SHIMMERING BUT SACCHARINE
Uneasy mix of comedy and Cold War spy noir is not helped by characters who are a little thin and one dimensional, writes
Fresh off four wins at this year’s Golden Globes, Mexican director Guillermo del Toro’s The Shape of Water arrives on screens with high expectations and plenty of fawning critical praise in its wake. This is something to be wary of especially as Del Toro hasn’t really done much to cement his reputation since Pan’s Labyrinth in 2006. There was the overblown blockbuster noise of Pacific Rim, the all-over-the-place horror of his television series The Strain and the sumptuously Gothic styling covering the empty story at the heart of Crimson Peak.
The Shape of Water begins with beautifully dappled lighting, offbeat whimsical voice-over and production design heavily reminiscent of Jean-Pierre Jeunet’s Amelie. Yet it falters in its sentimental retelling of the Beauty and the Beast fable, set against the backdrop of the Cold War paranoia of the 1960s. Elisa Esposito (Sally Hawkins) is a daydreaming, mute cleaning woman at a secret government research centre who becomes entranced with an amphibian creature brought to the facility by the ruthless, cattle-prod-wielding military operative Richard Strickland (Michael Shannon). When Strickland and his Pentagon bosses decide that vivisection will be more useful than observation, Elisa with her co-worker Zelda (Octavia Spencer) and her best friend and neighbour, closeted gay artist Giles (Richard Jenkins) hatch an escape plan for her slimy-skinned, gill-breathing boyfriend.
Del Toro certainly has a unique ability to paint his fabulous visions on screen and there’s enough nudity, sex and violence to make everything a bit more Brothers Grimm than Disney, but the story and characters are a little thin and one dimensional and we’ve seen this all before. The horror in The Shape of Water is diluted by an uneasy mix of comedy and Cold War spy noir and infuriatingly heavy daubs of overblown villainy left to Shannon’s Strickland to carry out. As Shannon tries his best to show Strickland’s desperate descent into madness and rage, he unfortunately becomes increasingly cartoonish because everyone else is so unambiguously righteous and valiant.

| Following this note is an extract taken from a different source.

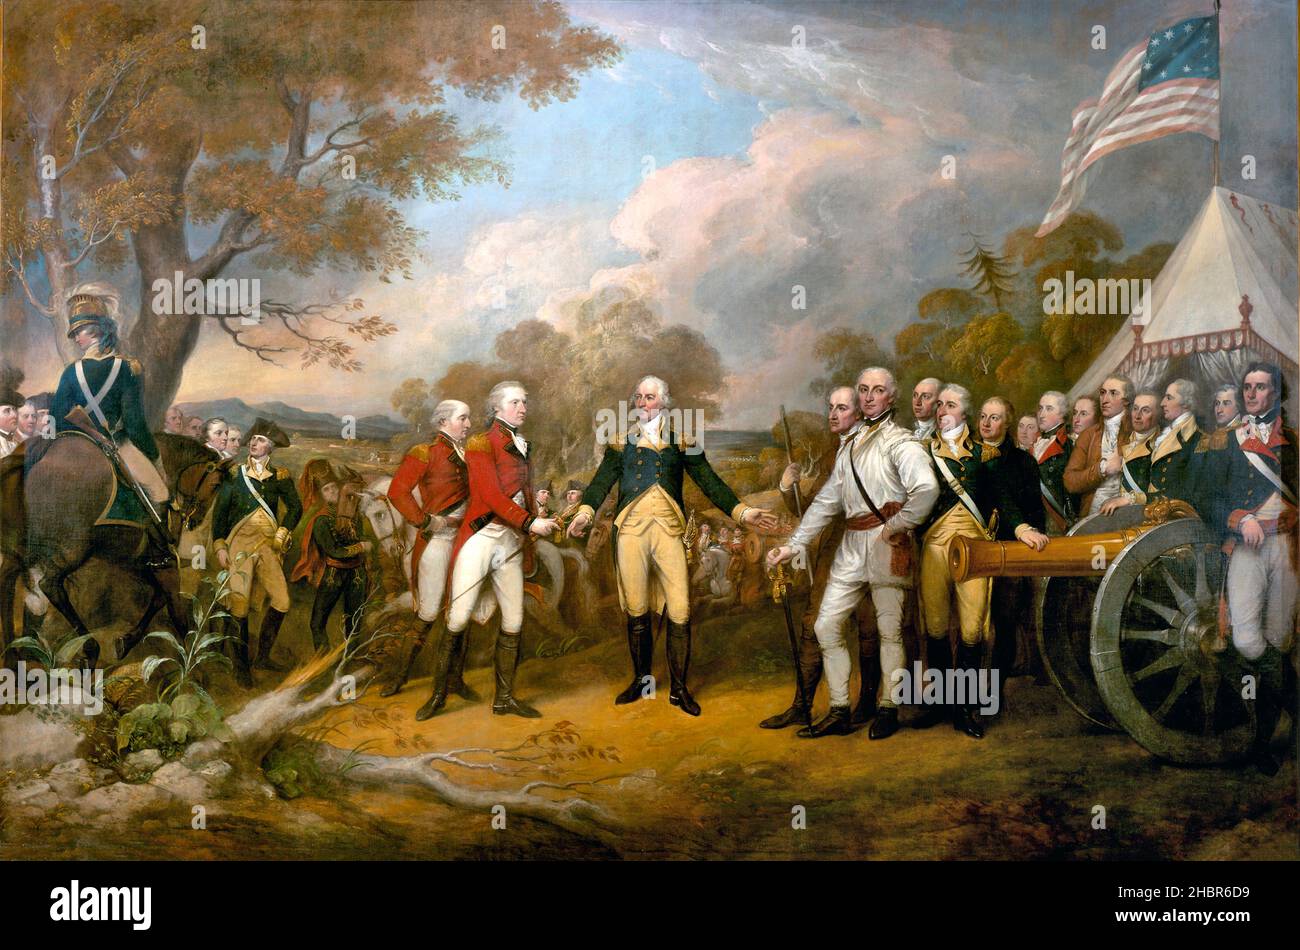 Trumbull (John Trumbull (June 6, 1756 – November 10, 1843)) Series II – Surrender of Burgoyne [The Surrender of General Burgoyne is an oil painting by John Trumbull. The painting was completed in 1821, and hangs in the rotunda of the United States Capitol in Washington, D. C. The painting depicts the surrender of British Lieutenant General John Burgoyne at Saratoga, New York on October 17, 1777, ten days after the Second Battle of Saratoga. Included in the depiction are many leaders of the American Continental Army and militia forces that took part in the battle as well as the Hessian commande Stock Photo

Some may argue that Del Toro’s collection of socially marginalised heroes could be seen as a rallying cry for the oppressed and victimised in the age of Trump. But it’s a stretch to give them much relevance beyond the boundaries of the director’s undeniably beautifully crafted frames. While Hawkins gives a strong and engaging performance as Elisa, there isn’t much beyond her serving as the stereotypical ingénue to give her character the depth needed to engage our interest for the plodding two hours it takes us to get to where it’s been obviously heading.

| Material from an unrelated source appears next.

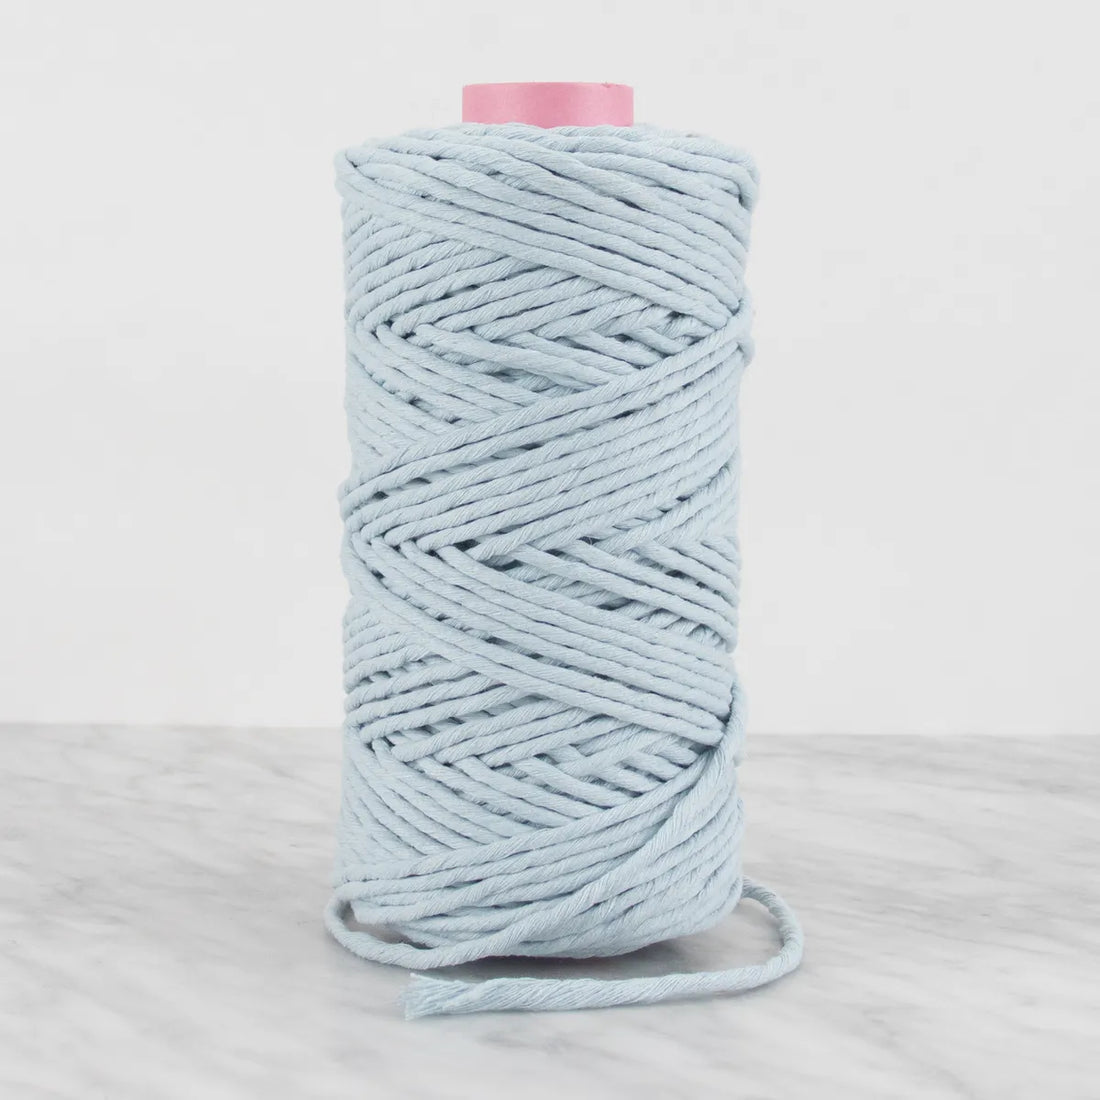 5 mm Recycled Cotton String 0.5 kg - Sky

Octavia Spencer plays the same sassy, put-upon but good-natured black woman sidekick that we’ve seen her pull off so many times before and Richard Jenkins offers a version of the troubled but goodnatured guy he’s played in so many previous roles. That’s not to take away from their performances but rather to point out that in this particular fairy-tale universe it’s far more about the look of love than the feeling.
In spite of all the hype and critical swooning, Del Toro’s film is ultimately a disappointingly familiar story wrapped up in some shimmering and often quite breathtaking visuals. It leaves a horribly sentimental, sugary aftertaste that only briefly distracts from its flimsy storytelling and too-comfortably twee take on the traditional morality tale.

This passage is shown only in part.